== Problem ==
What you give back must match the data exactly, minus the pictures.

== Supplied material ==

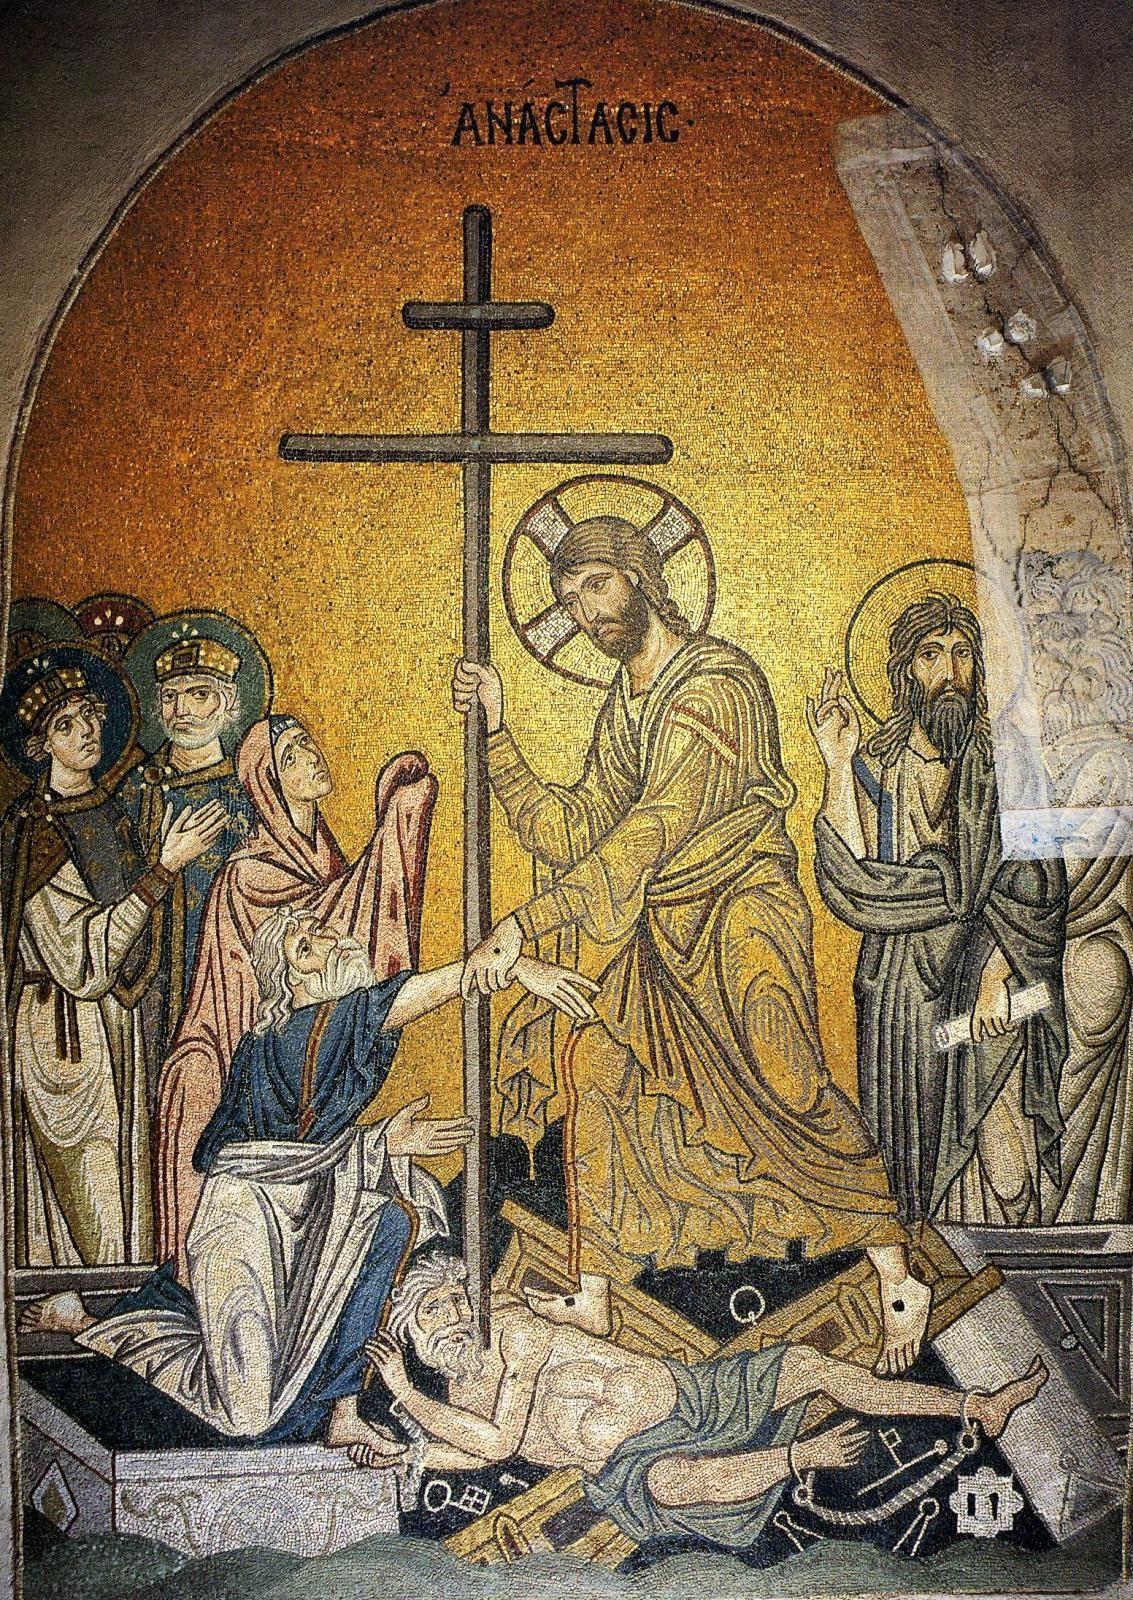 Книжная миниатюра. Евангелие. Византия. XI век. Греция. Афон. Дионисиат
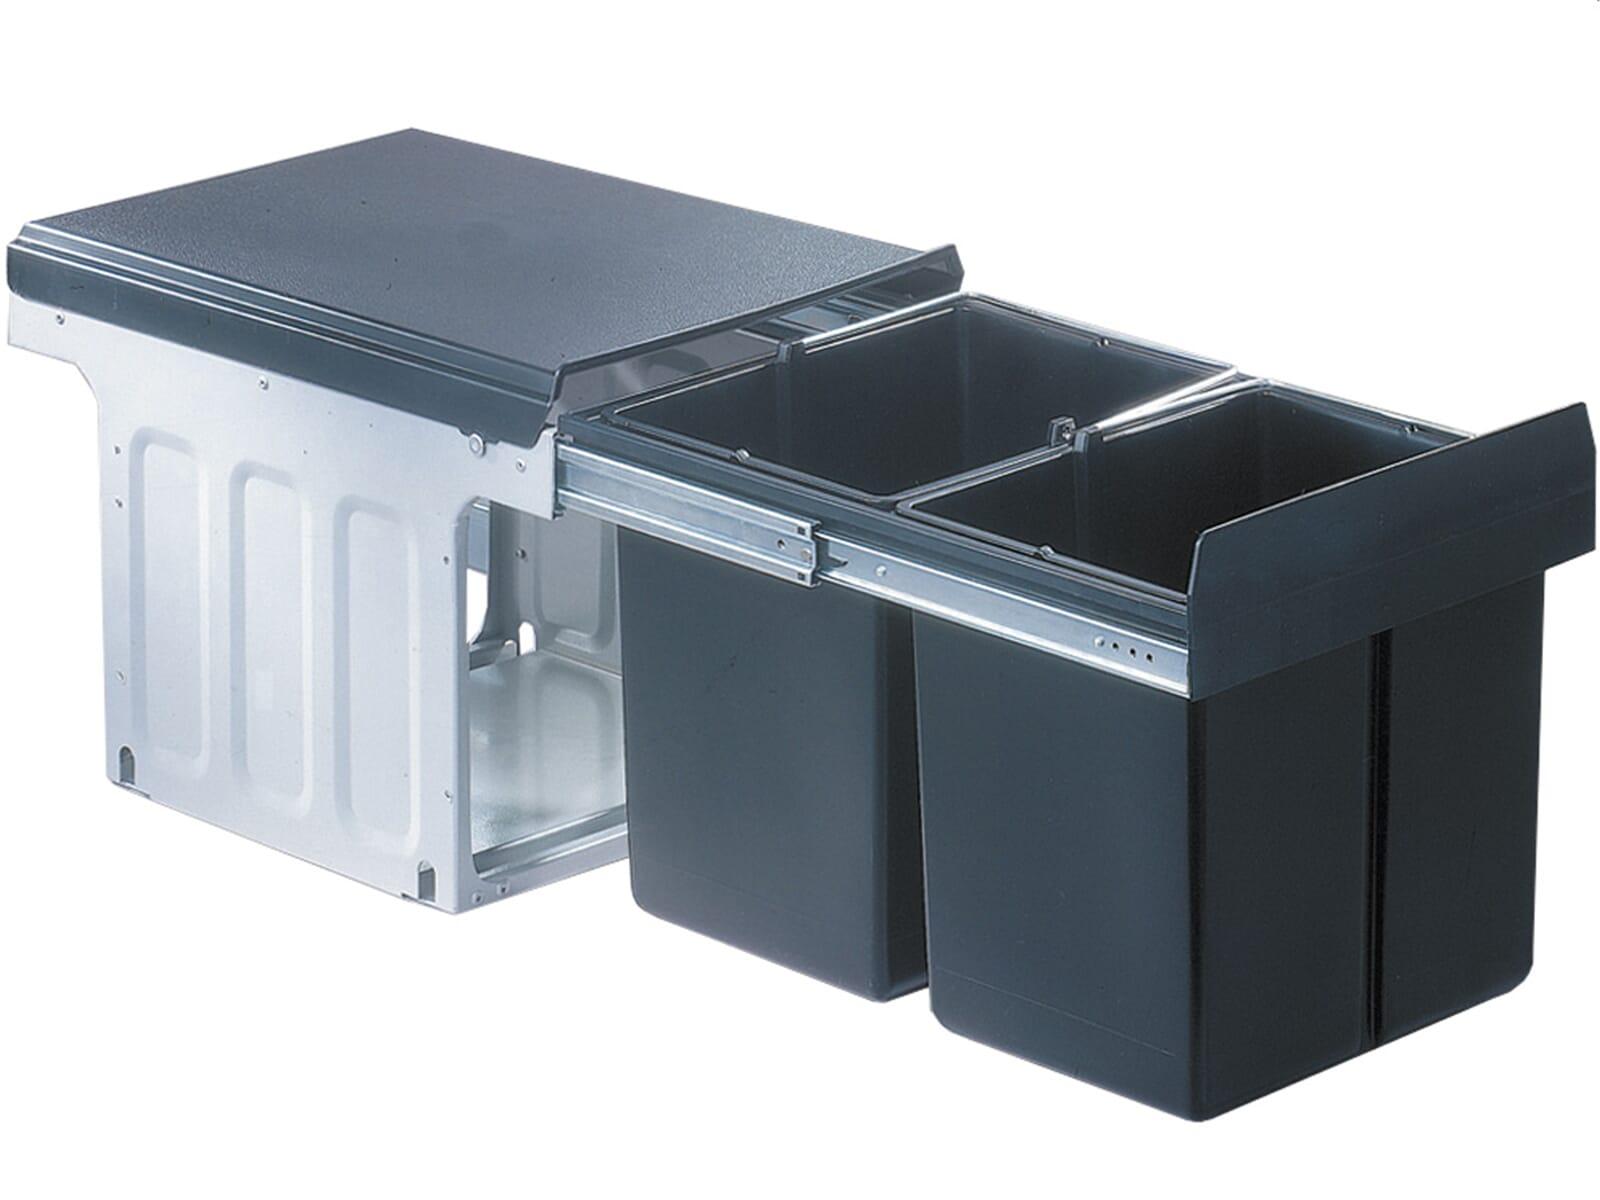 Teka Double-Master 40.1 DT Einbau-Abfallsammler
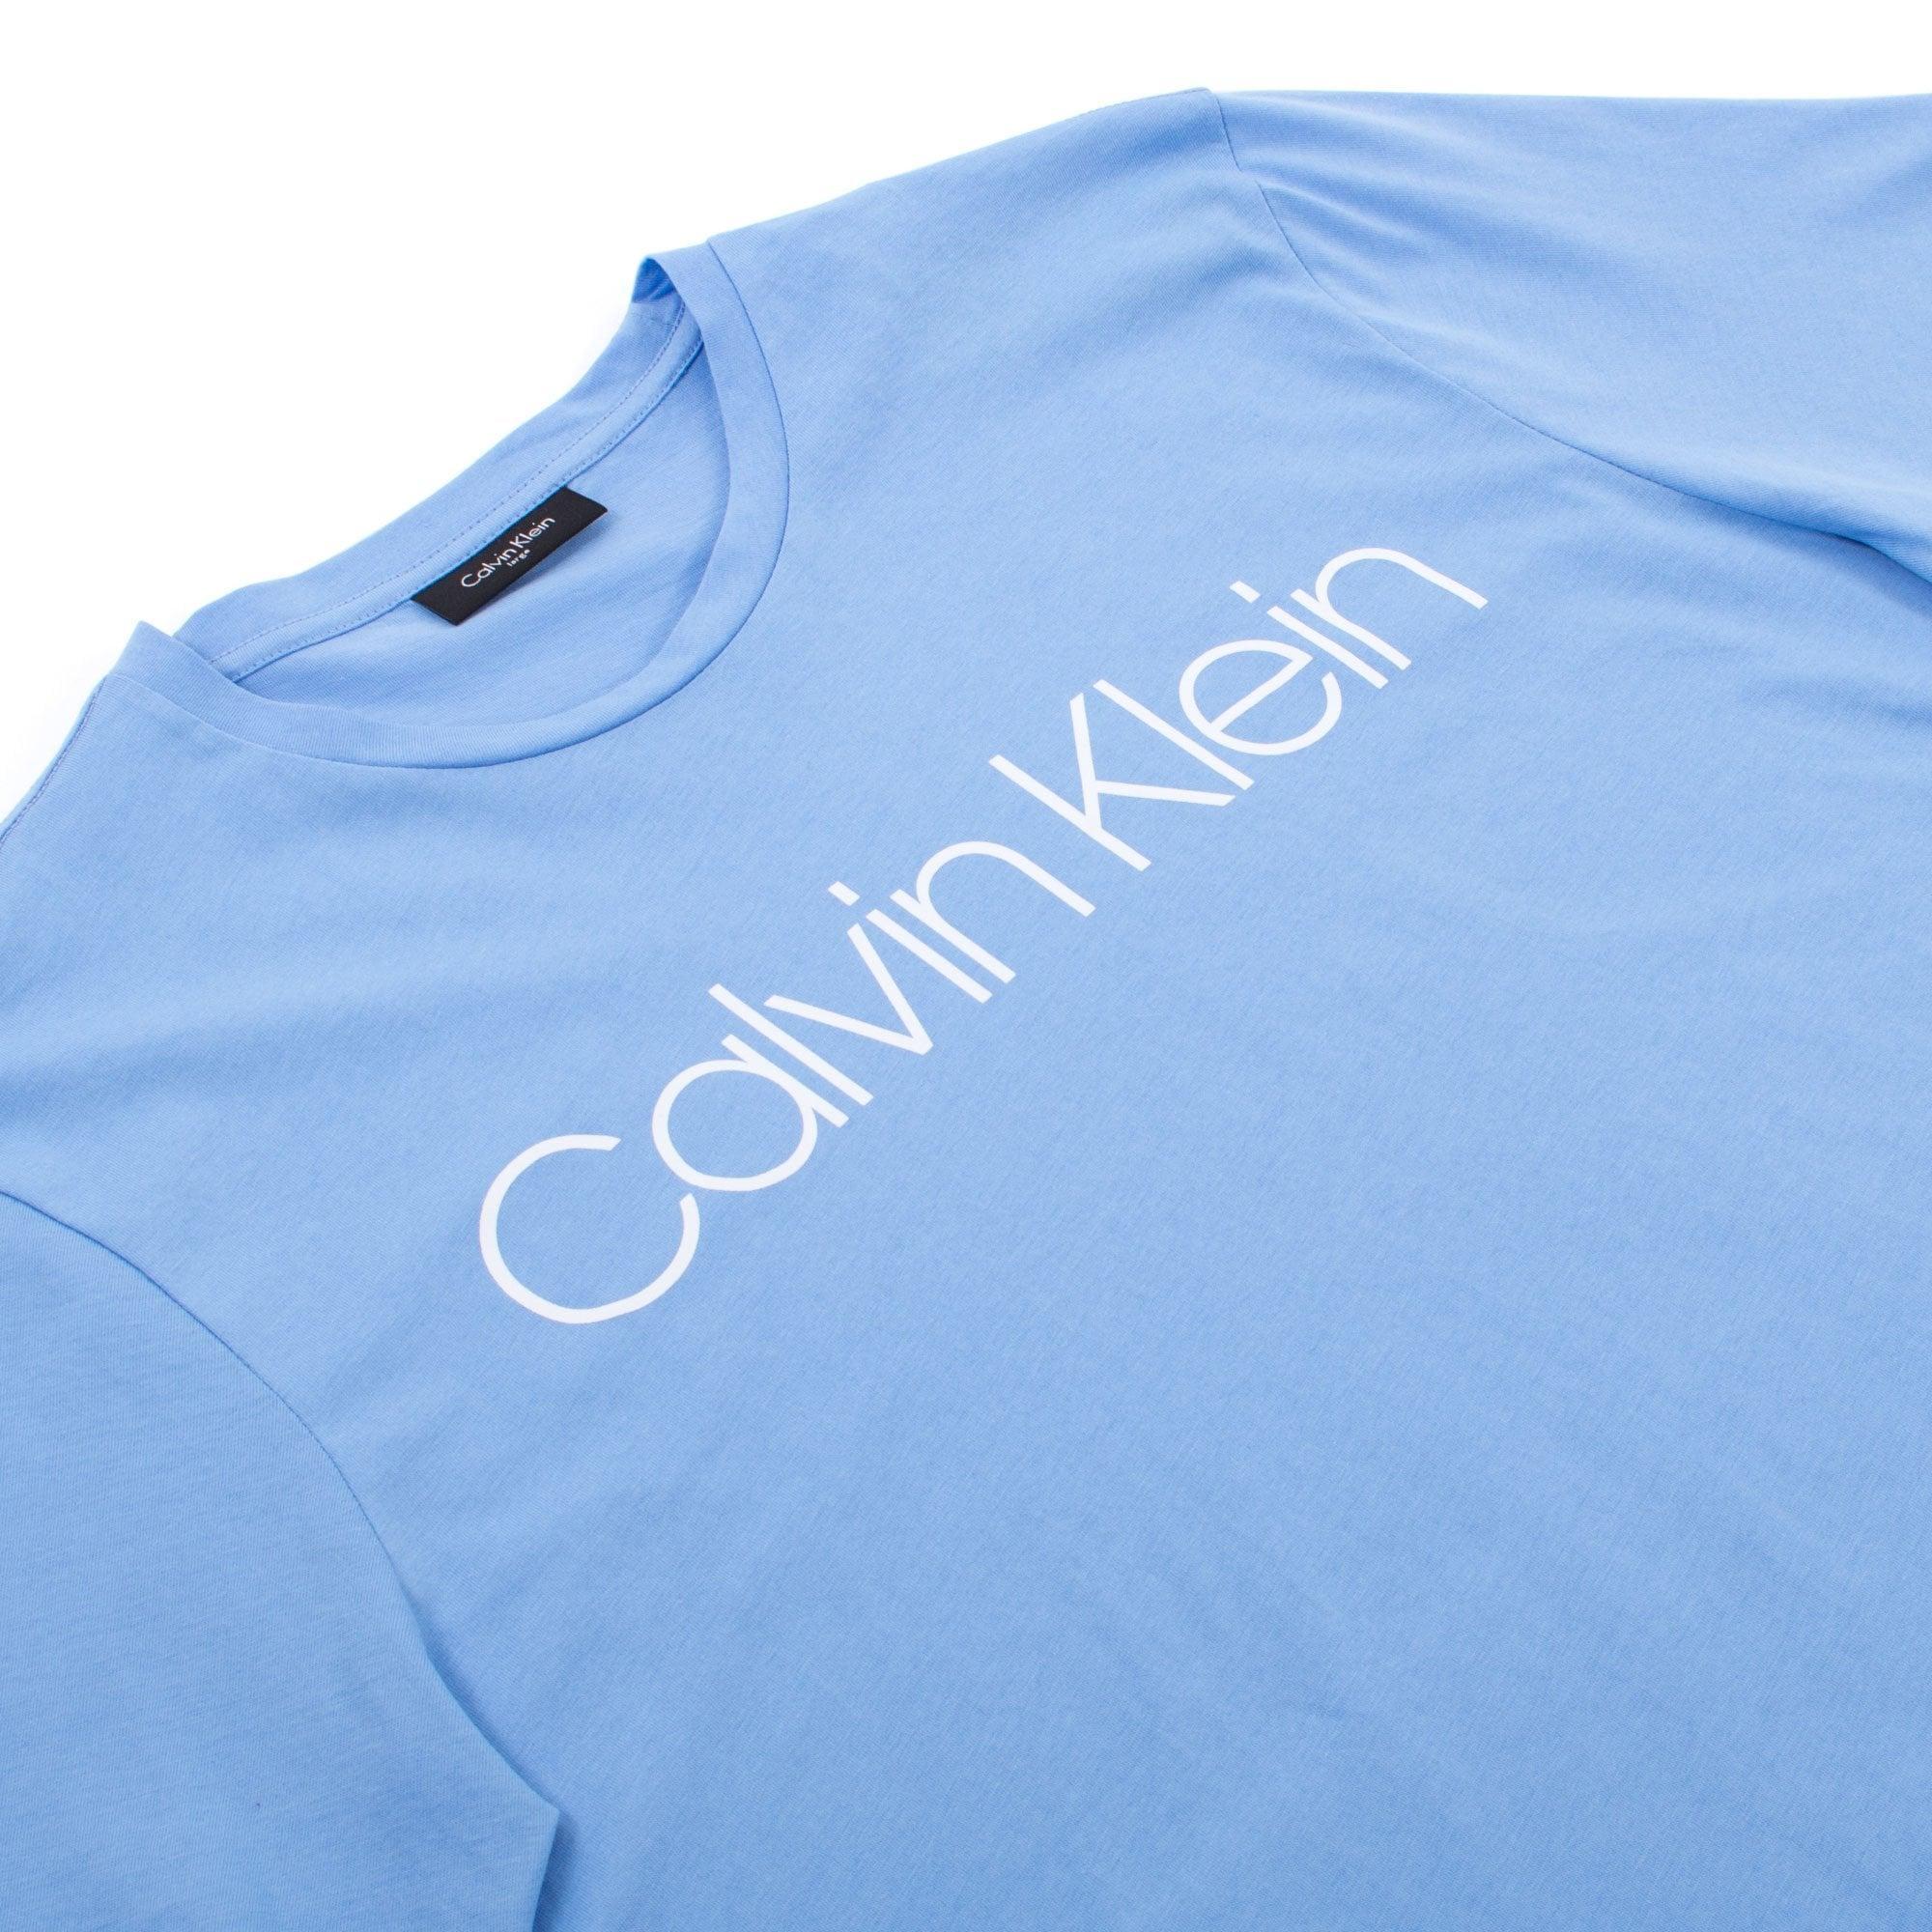 6da69cfd7 ... Blue Jasa Logo Print T-shirt for Men - Lyst. View fullscreen
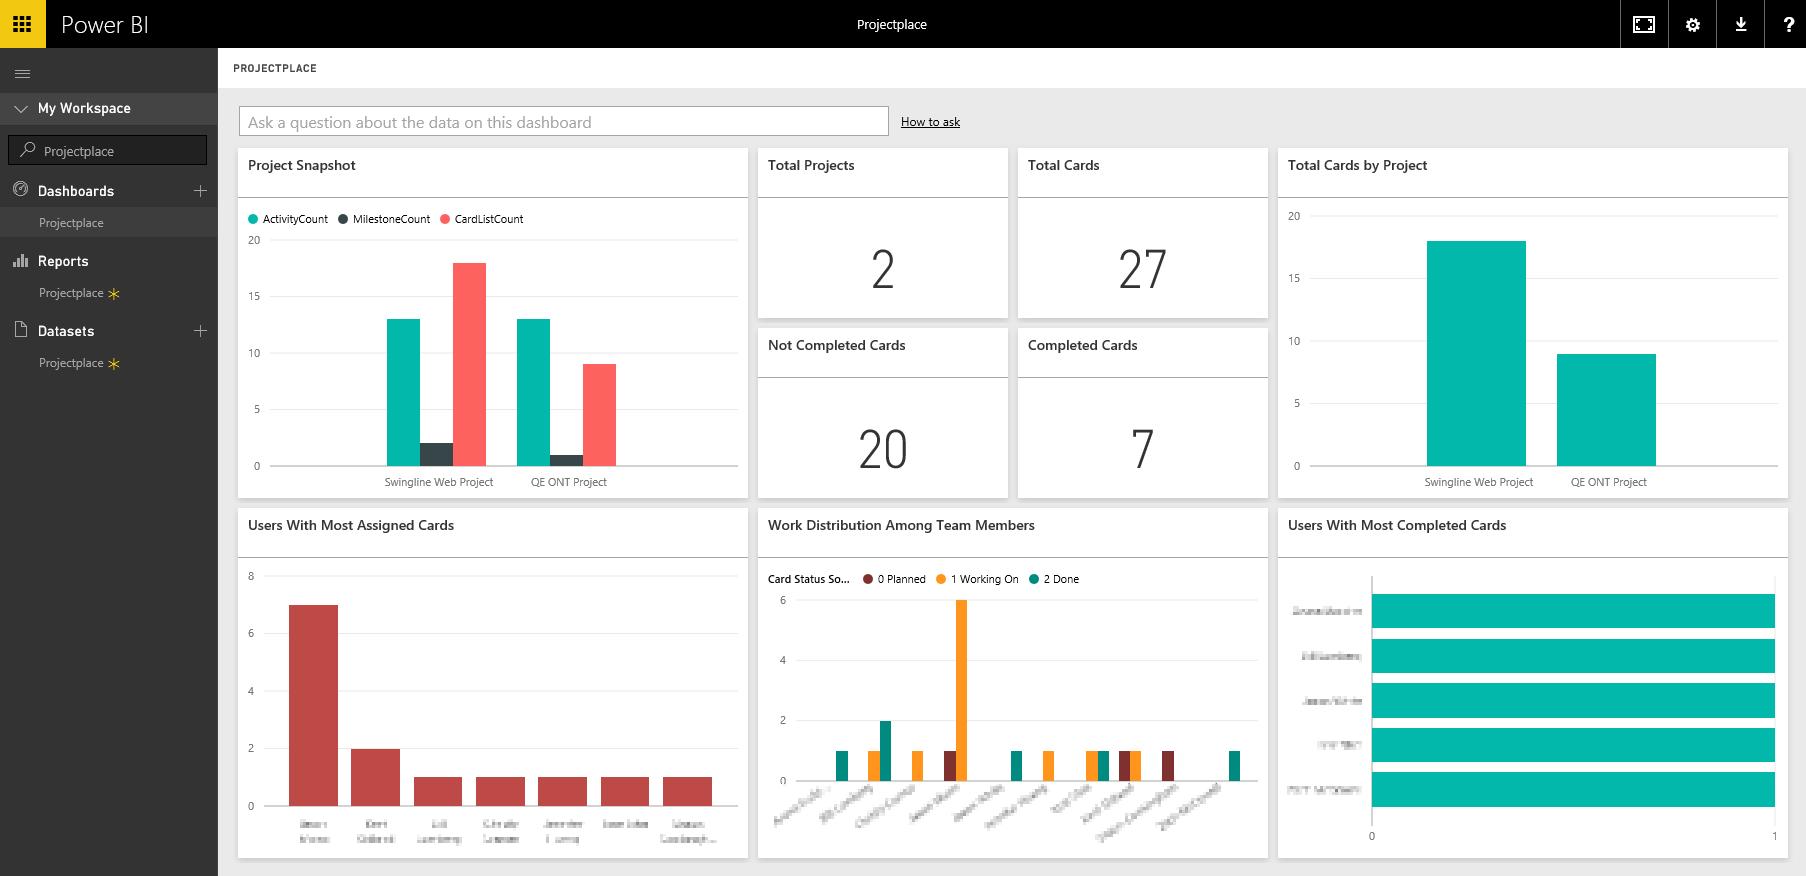 Visualize your Projectplace data in Power BI | Microsoft Power BI

== Task response ==
 Книжная миниатюра. Евангелие. Византия. XI век. Греция. Афон. Дионисиат
 Teka Double-Master 40.1 DT Einbau-Abfallsammler
 6da69cfd7 ... Blue Jasa Logo Print T-shirt for Men - Lyst. View fullscreen
 Visualize your Projectplace data in Power BI | Microsoft Power BI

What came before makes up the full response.